Ярослав ТУРОВ: Свет в окошке. В память о Галине Коноплевой
20 ноября 2003 года Галя должна была вернуться домой из командировки в один из городов Приамурья. Я очень ждал её, соскучился, поезд вот-вот должен был прибыть, и я обхватил бы её руками, как всегда, прижавшись лбом к груди... Я ещё не знал, что за три дня до этого, когда она весело помахала мне рукой и спустилась вниз по лестнице в подъезде, мы виделись в последний раз.

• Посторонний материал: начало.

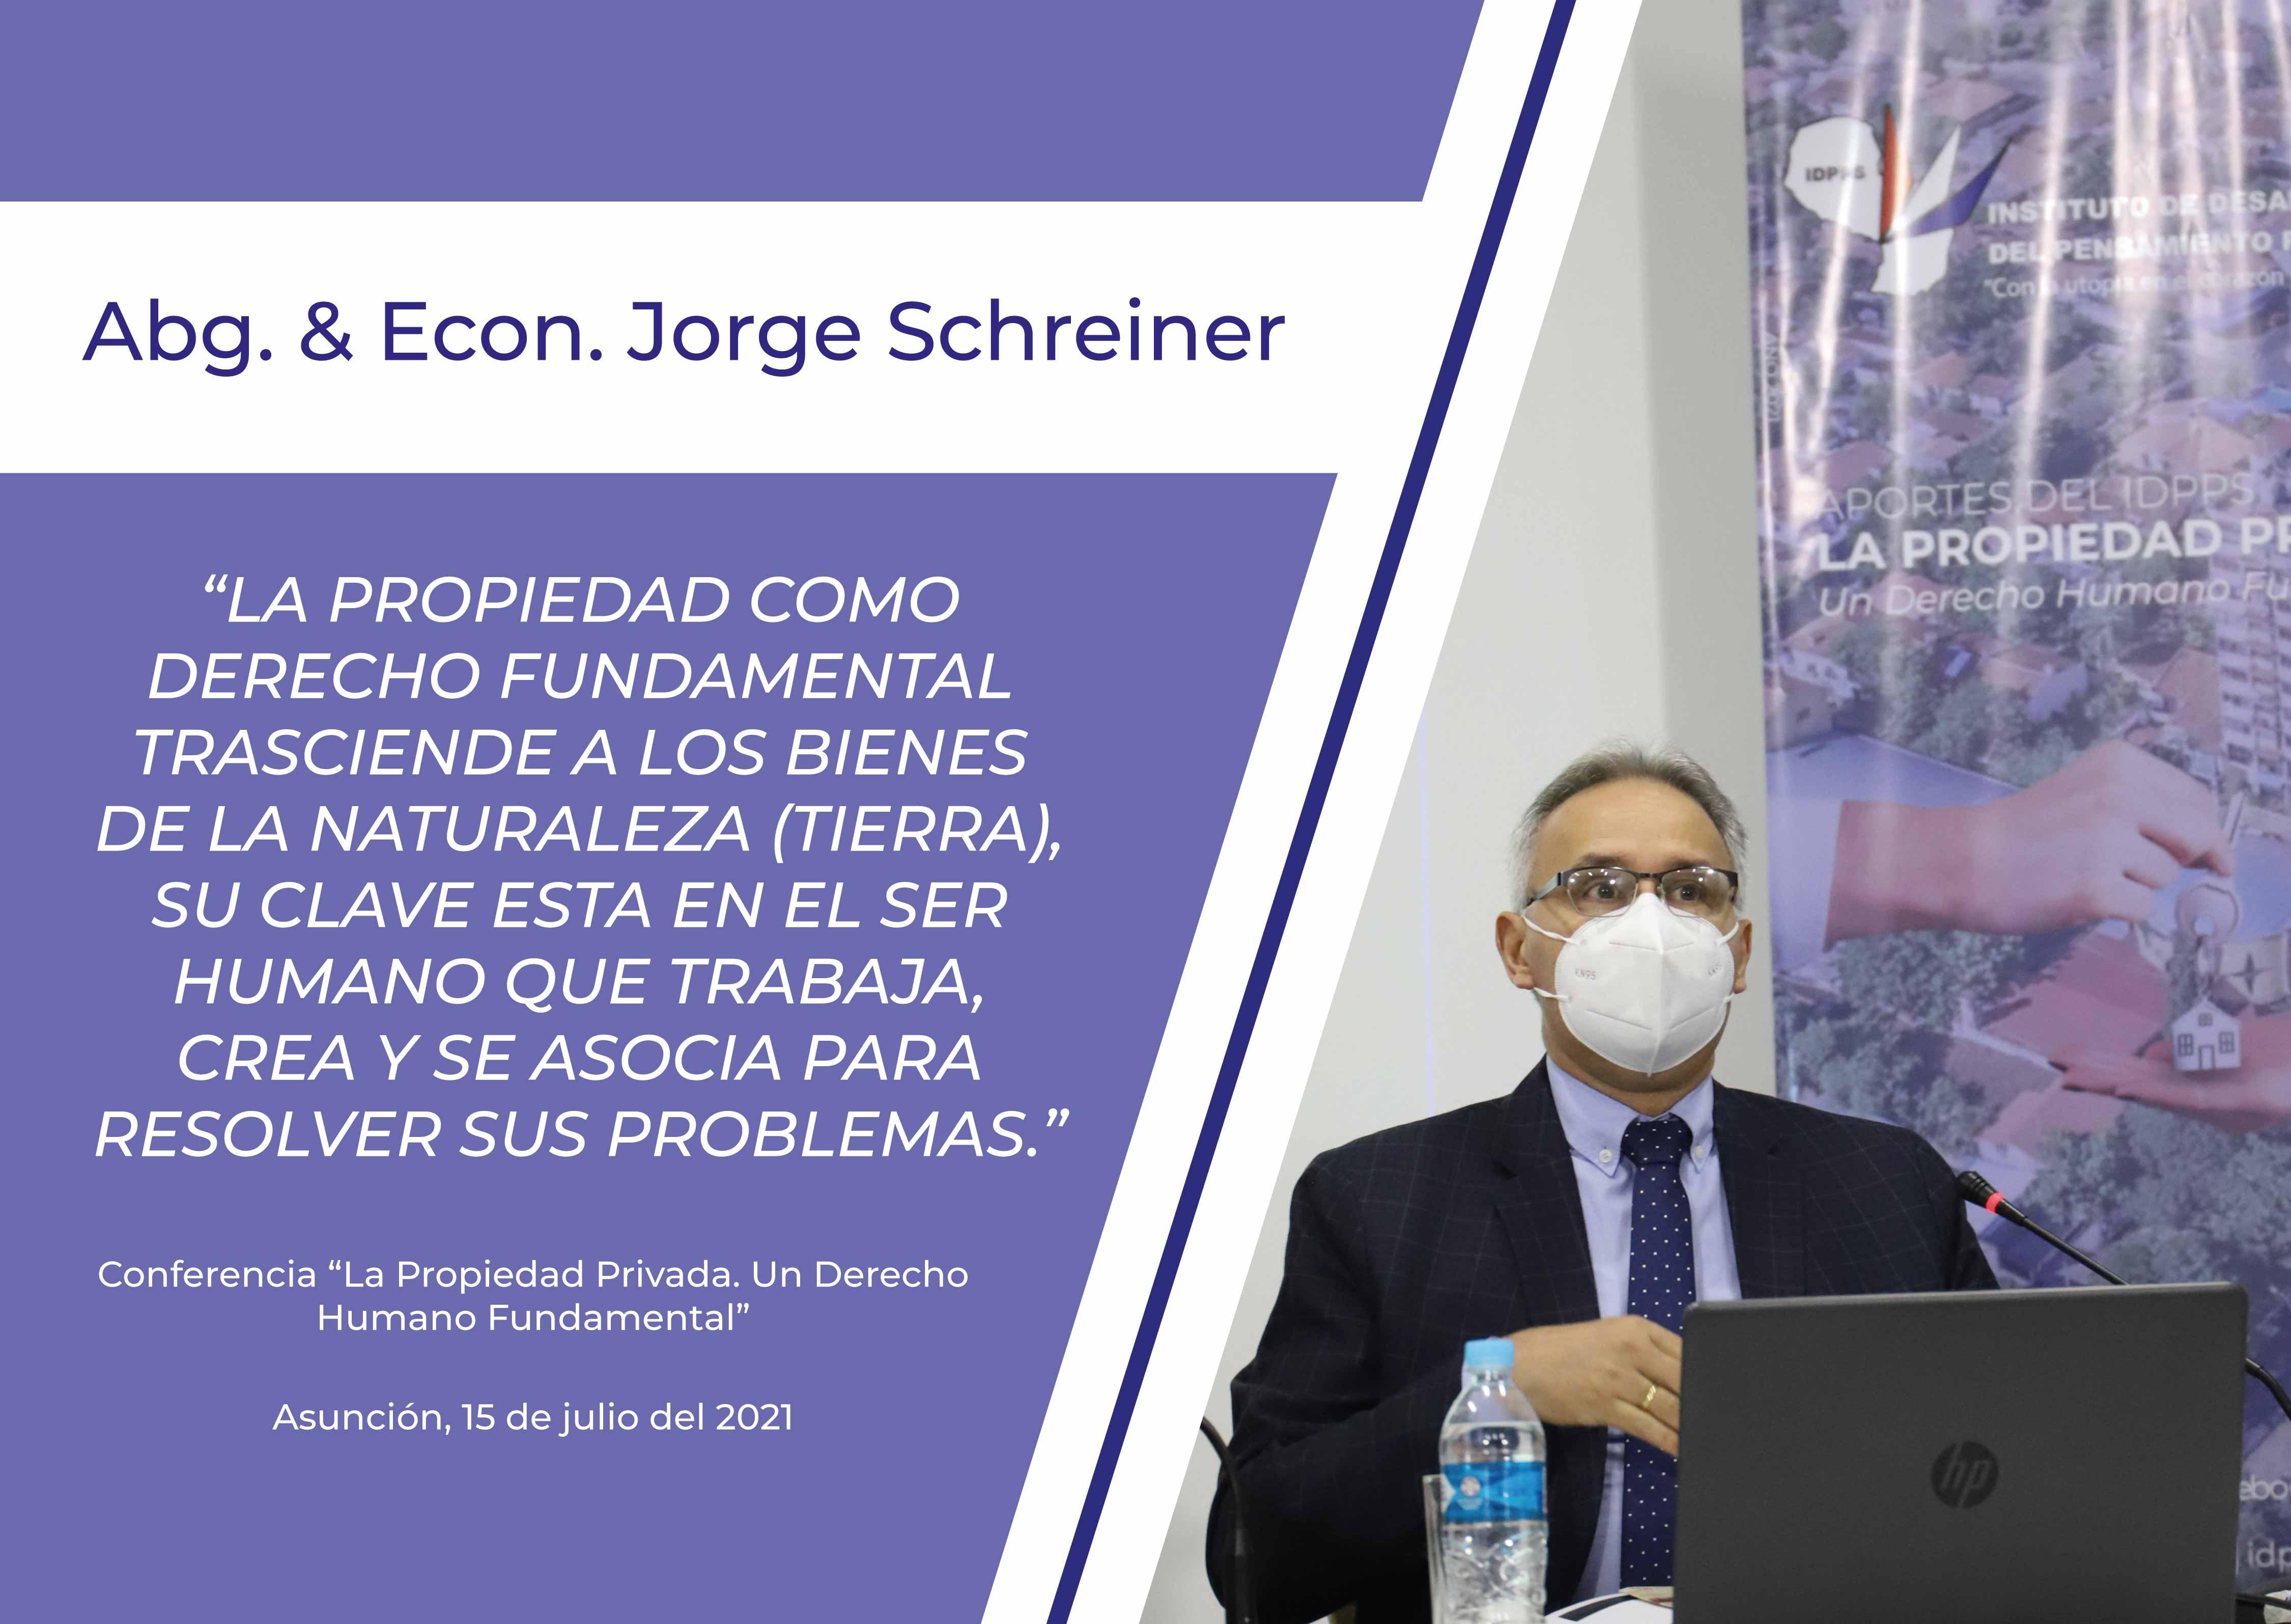 Enfoque Constitucional y Económico a la Propiedad Privada - Abg. & Econ. Jorge Schreiner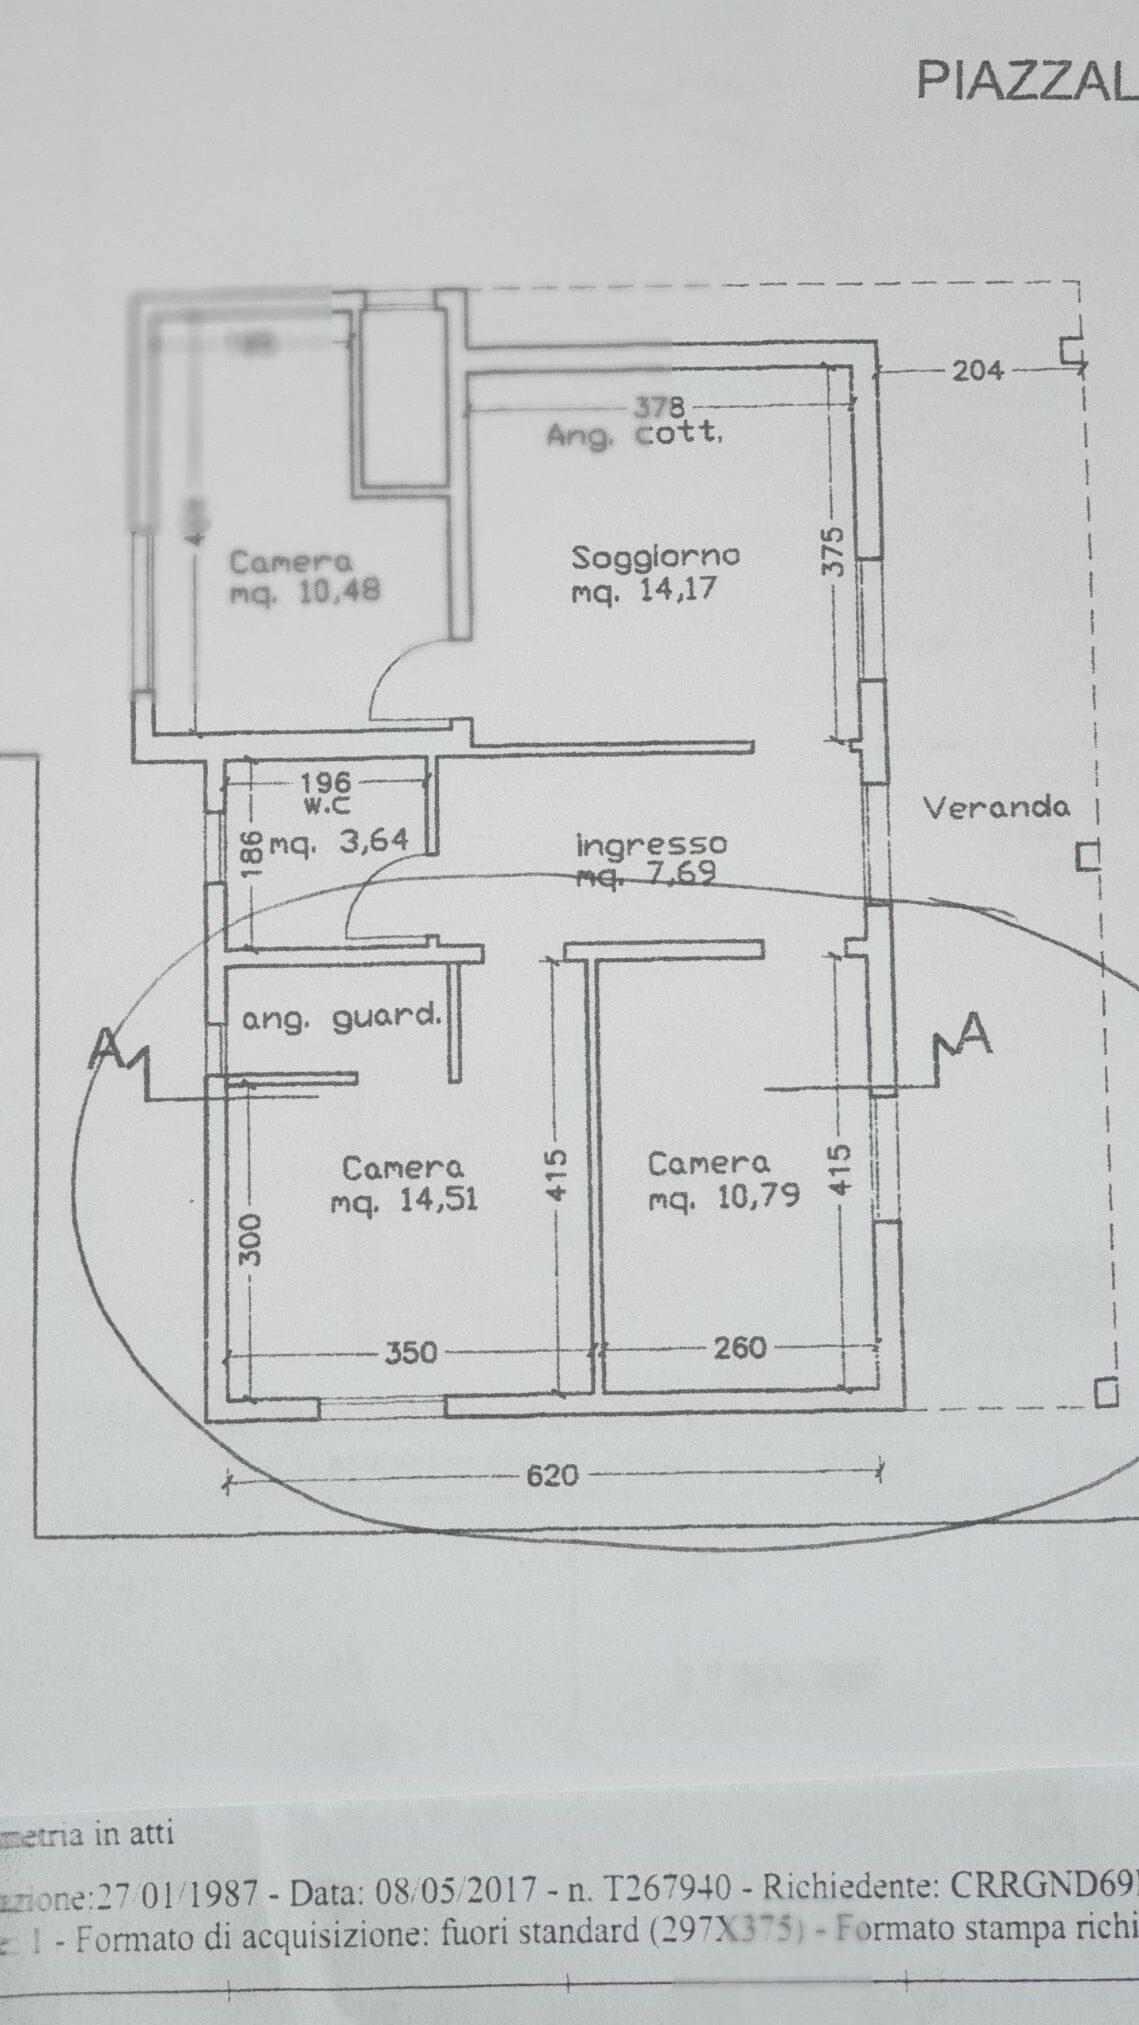 4819 San Vito dei Normanni floor plan

Прошло тринадцать лет с того дня, как ушла из жизни моя бабушка Галина Павловна Коноплёва. Она терпеть не могла слово «бабушка» и всегда просила меня называть её просто Галей. Этот короткий некролог под ссылке − единственное, что мне удалось найти про неё в сети. Интернет тогда ещё мало у кого был, и вся память о ней осталась только на старых фотографиях, пожелтевших страницах газет да в архивах ВГТРК. Я никогда толком про неё не писал, хоть и не было для меня человека важнее. Пора это исправить.
Вот так сидишь перед белым листом и не знаешь, с чего начать. С самого начала? С конца? Наверное, всё-таки стоит сперва рассказать о том, кем была Галя, потому что уже мало кто вспомнит, что жил на свете такой человек. Галя родилась в мае 43-го в г. Свободном в очень бедной семье с красивой фамилией Бойдарико. Впоследствии она очень жалела, что после брака с фамилией пришлось расстаться и стать Коноплёвой. Впрочем, заголовки статей вроде «Коноплёва – это клёво!» её забавляли.
Она начинала простым курьером, потом выучилась в БГПУ на учительницу французского, преподавала в селе Лазовом. После работы в школе возглавила Клуб интернациональной дружбы в благовещенском ЦЭВе, помогала воспитанникам переписываться с маленькими французами и даже один раз возила своих КИДовцев в Эстонию. Это было в 1975 году. На амурском телевидении после этого появилось интервью с Галей о той поездке. Молодая, красивая, энергичная, она так понравилась редакции, что ей предложили работу. И Галя осталась, и отдала телевидению 28 лет жизни. Вела поздравительные концерты и детские передачи. Десятки тысяч амурчан до сих пор помнят её, как тётю Галю из «В гостях у сказки», которая вместе с котом Пификом и собачкой Дружком учила их быть добрее, читала в эфире их письма и показывала мультфильмы.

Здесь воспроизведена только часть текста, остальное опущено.